Please return every record below exactly as it stands.

---

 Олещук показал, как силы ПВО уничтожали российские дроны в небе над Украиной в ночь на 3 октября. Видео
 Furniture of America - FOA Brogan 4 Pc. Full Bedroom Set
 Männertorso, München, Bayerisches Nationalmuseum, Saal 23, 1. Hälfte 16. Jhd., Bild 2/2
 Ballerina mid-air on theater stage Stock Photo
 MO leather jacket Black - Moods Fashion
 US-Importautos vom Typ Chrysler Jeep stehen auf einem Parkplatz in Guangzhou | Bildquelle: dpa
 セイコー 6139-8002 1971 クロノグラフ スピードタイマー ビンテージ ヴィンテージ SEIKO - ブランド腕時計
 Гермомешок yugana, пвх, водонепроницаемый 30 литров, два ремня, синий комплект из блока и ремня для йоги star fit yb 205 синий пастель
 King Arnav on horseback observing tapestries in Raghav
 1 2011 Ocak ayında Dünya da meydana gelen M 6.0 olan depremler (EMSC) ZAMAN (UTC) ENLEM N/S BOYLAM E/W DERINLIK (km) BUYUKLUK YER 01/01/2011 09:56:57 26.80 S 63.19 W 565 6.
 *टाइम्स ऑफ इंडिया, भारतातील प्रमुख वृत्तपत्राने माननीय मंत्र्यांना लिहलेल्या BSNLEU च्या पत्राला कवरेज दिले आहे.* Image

---

▸ **Completed exercise**:
 Олещук показал, как силы ПВО уничтожали российские дроны в небе над Украиной в ночь на 3 октября. Видео
 Furniture of America - FOA Brogan 4 Pc. Full Bedroom Set
 Männertorso, München, Bayerisches Nationalmuseum, Saal 23, 1. Hälfte 16. Jhd., Bild 2/2
 Ballerina mid-air on theater stage Stock Photo
 MO leather jacket Black - Moods Fashion
 US-Importautos vom Typ Chrysler Jeep stehen auf einem Parkplatz in Guangzhou | Bildquelle: dpa
 セイコー 6139-8002 1971 クロノグラフ スピードタイマー ビンテージ ヴィンテージ SEIKO - ブランド腕時計
 Гермомешок yugana, пвх, водонепроницаемый 30 литров, два ремня, синий комплект из блока и ремня для йоги star fit yb 205 синий пастель
 King Arnav on horseback observing tapestries in Raghav
 1 2011 Ocak ayında Dünya da meydana gelen M 6.0 olan depremler (EMSC) ZAMAN (UTC) ENLEM N/S BOYLAM E/W DERINLIK (km) BUYUKLUK YER 01/01/2011 09:56:57 26.80 S 63.19 W 565 6.
 *टाइम्स ऑफ इंडिया, भारतातील प्रमुख वृत्तपत्राने माननीय मंत्र्यांना लिहलेल्या BSNLEU च्या पत्राला कवरेज दिले आहे.* Image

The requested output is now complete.